UDC 342.738(4-672EU)
Biblid: 1451-3188, 19 (2020)
Vol. 19, No 73-74, pp. 41-59
DOI: https://doi.org/10.18485/iipe_ez.2020.19.73_74.3

Оriginal article
Received: 23 Sep 2020
Accepted: 11 Oct 2020

THE LIMITS OF THE EXTRATERRITORIAL EFFECT OF THE EU GENERAL DATA PROTECTION REGULATION

VUČIĆ Mihajlo (Naučni saradnik, Institut za međunarodnu politiku i privredu, Beograd),

The EU General Data Protection Regulation (GDPR) has an impact on standards of data protection in other legal systems due to its extraterritorial effect. The attractive internal market is the main reason for foreign companies that use personal data of the EU citizens or residents in their business operations to comply with its provisions.

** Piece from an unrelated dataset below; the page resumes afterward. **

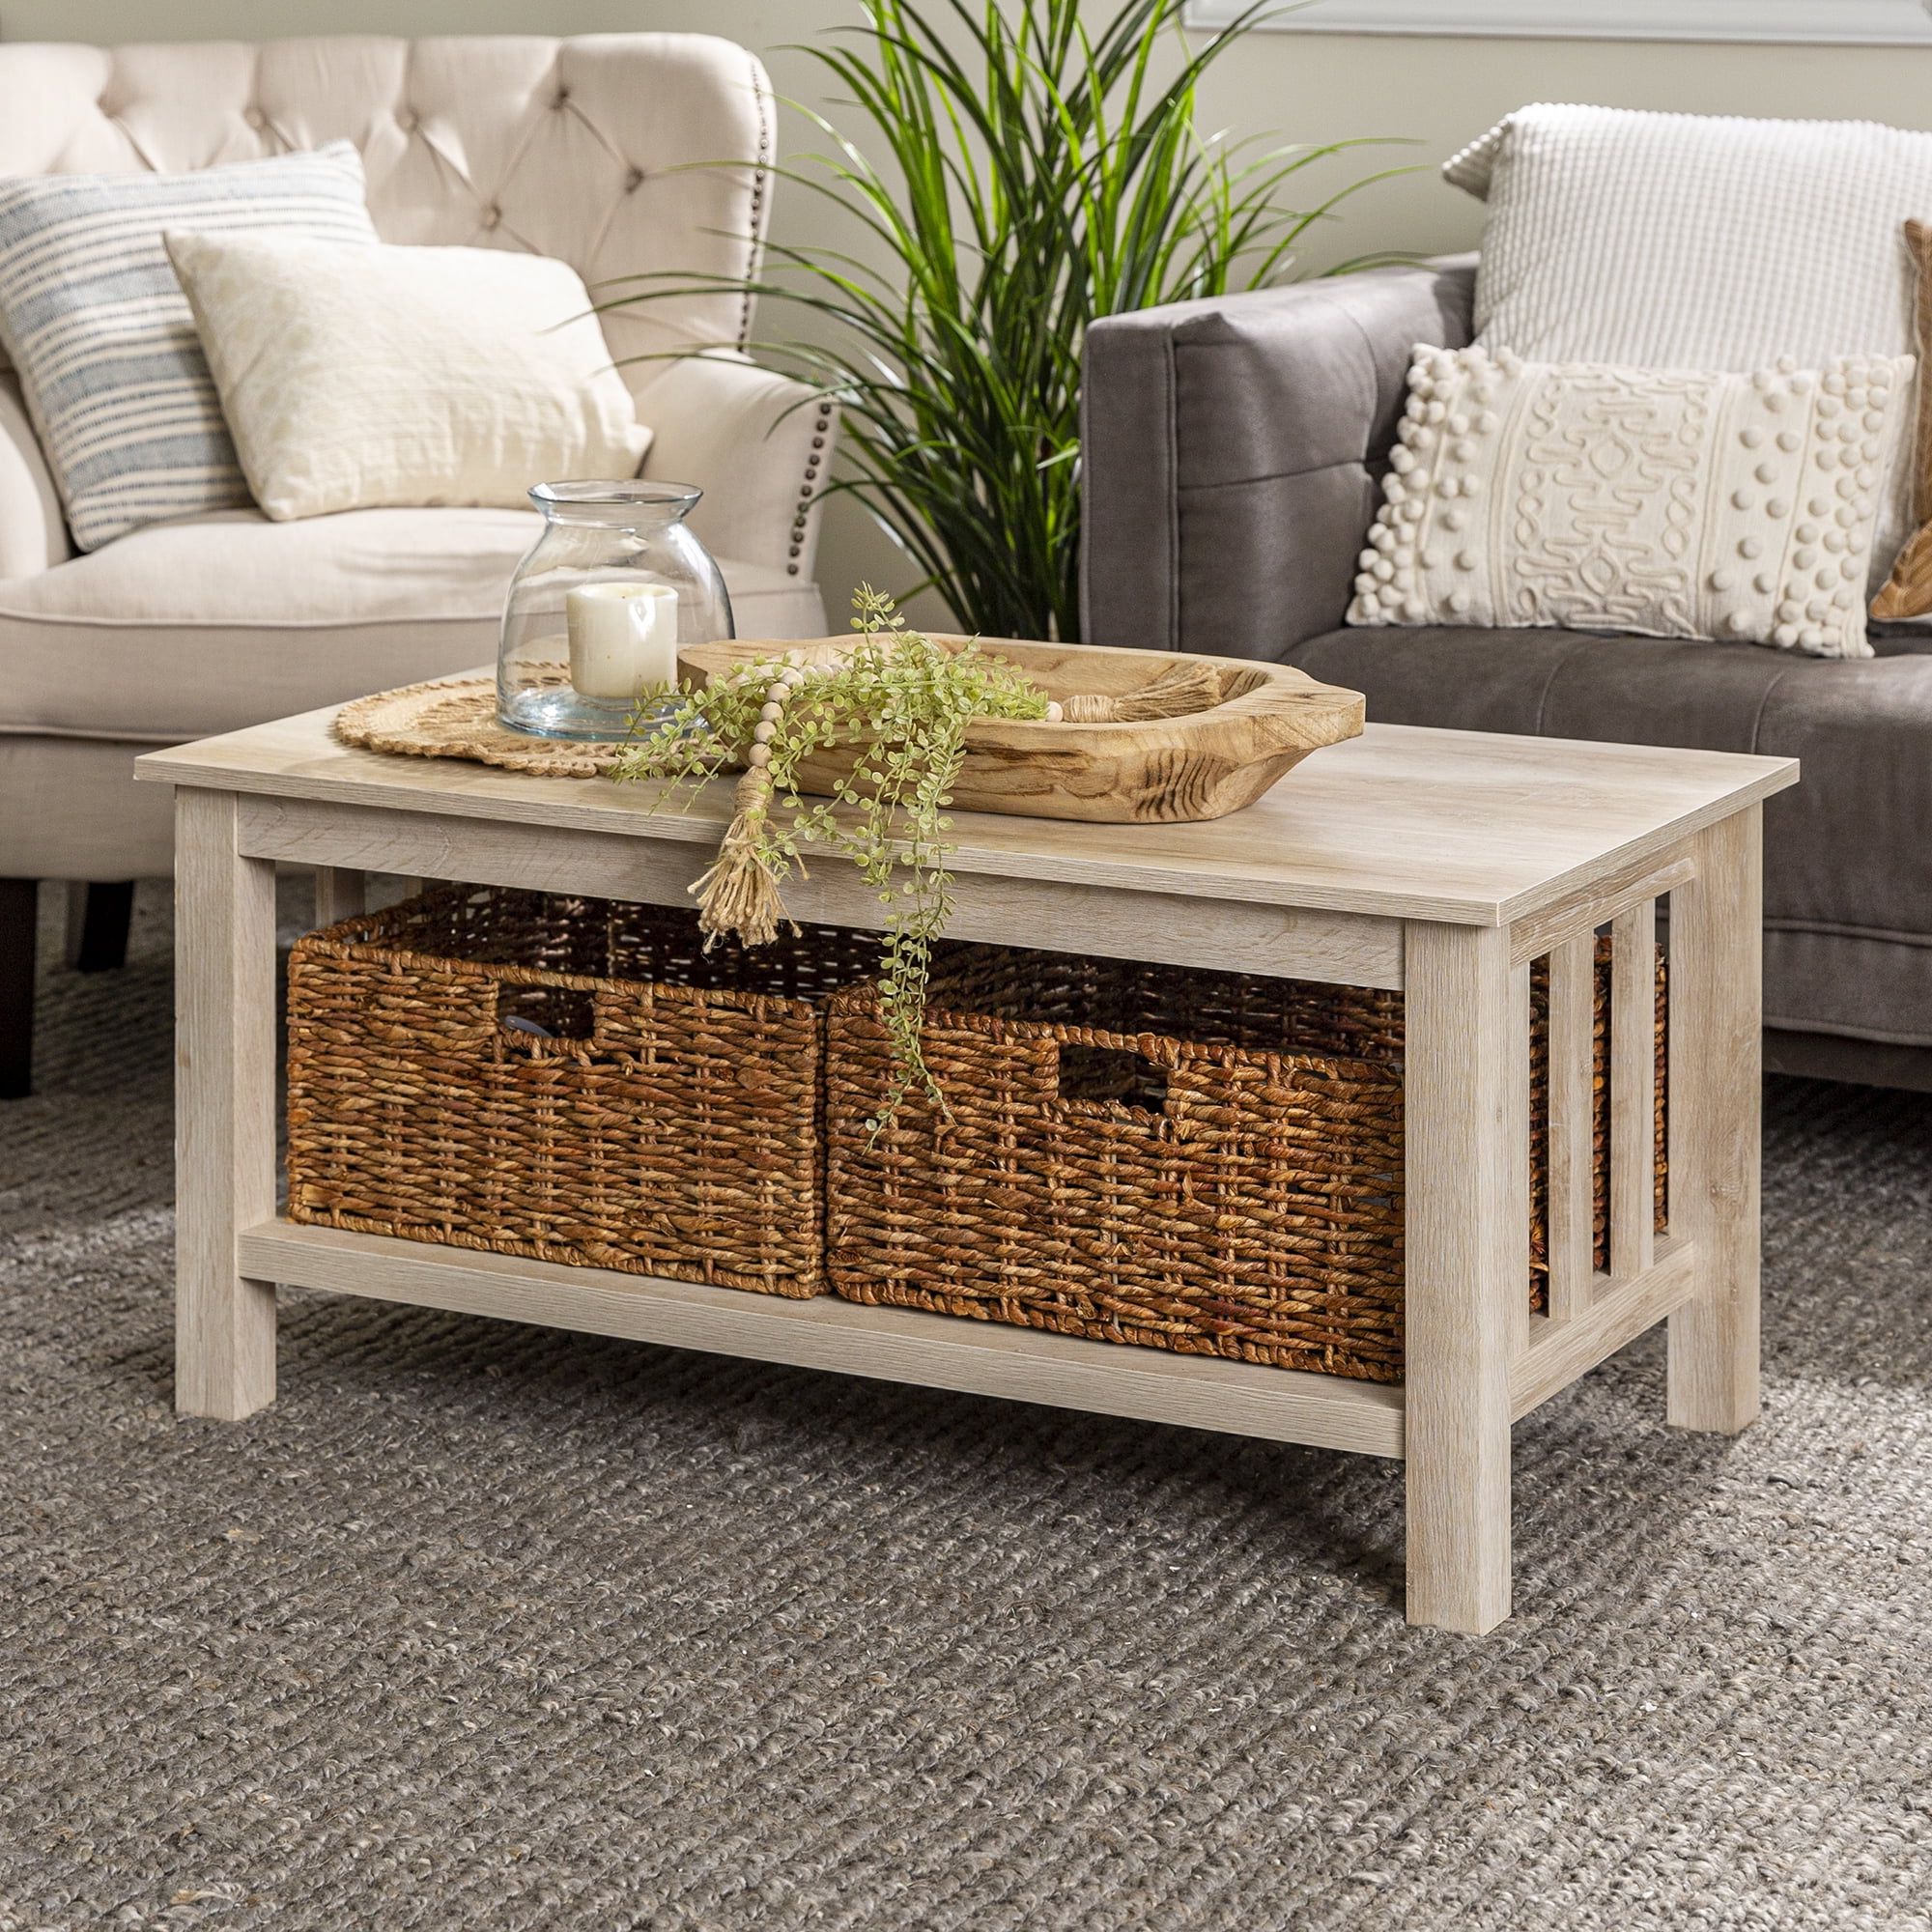 Woven Paths Traditional Storage Coffee Table With Bins, White Oak With Regard To Woven Paths Coffee Tables (Gallery 3 of 20)

Therefore the EU jurisdiction stretches extraterritorially. The extraterritorial activity of one sovereign jurisdiction, in principle, is not contrary to international law but creates problems in practical application and enforcement, as well as objections of other sovereign jurisdictions that can claim a stronger link with the legal issue at hand. Through international treaties that regulate the extraterritorial jurisdictional issues, these problems can be solved. However, the right of personal data protection of the GDPR is constructed as a human right, absolutely protected, which automatically negates the effect of such a treaty. The Court of Justice of the EU has shown the willingness to defend the integrity of this right. This article raises the question of whether the attraction of the internal market together with the conception of the right to data protection as a human right can impose the EU’s data protection model as a global model. It is argued that economically powerful states, even if they share human rights values with the EU, can stand the extraterritorial impact of the GDPR shown through the lens of the EU-US relationship. However, the real problem exists in the conflict of jurisdiction with an economic power with a totally different system of values concerning human rights, and especially data protection rights, such as China. In this context, the article’s conclusion states that, in the best scenario, the extraterritorial effect of the GDPR can lead to the EU’s data protection model becoming a role model for a bloc of like-minded legal systems, especially since data protection in current international relations is rather a security than an economic issue.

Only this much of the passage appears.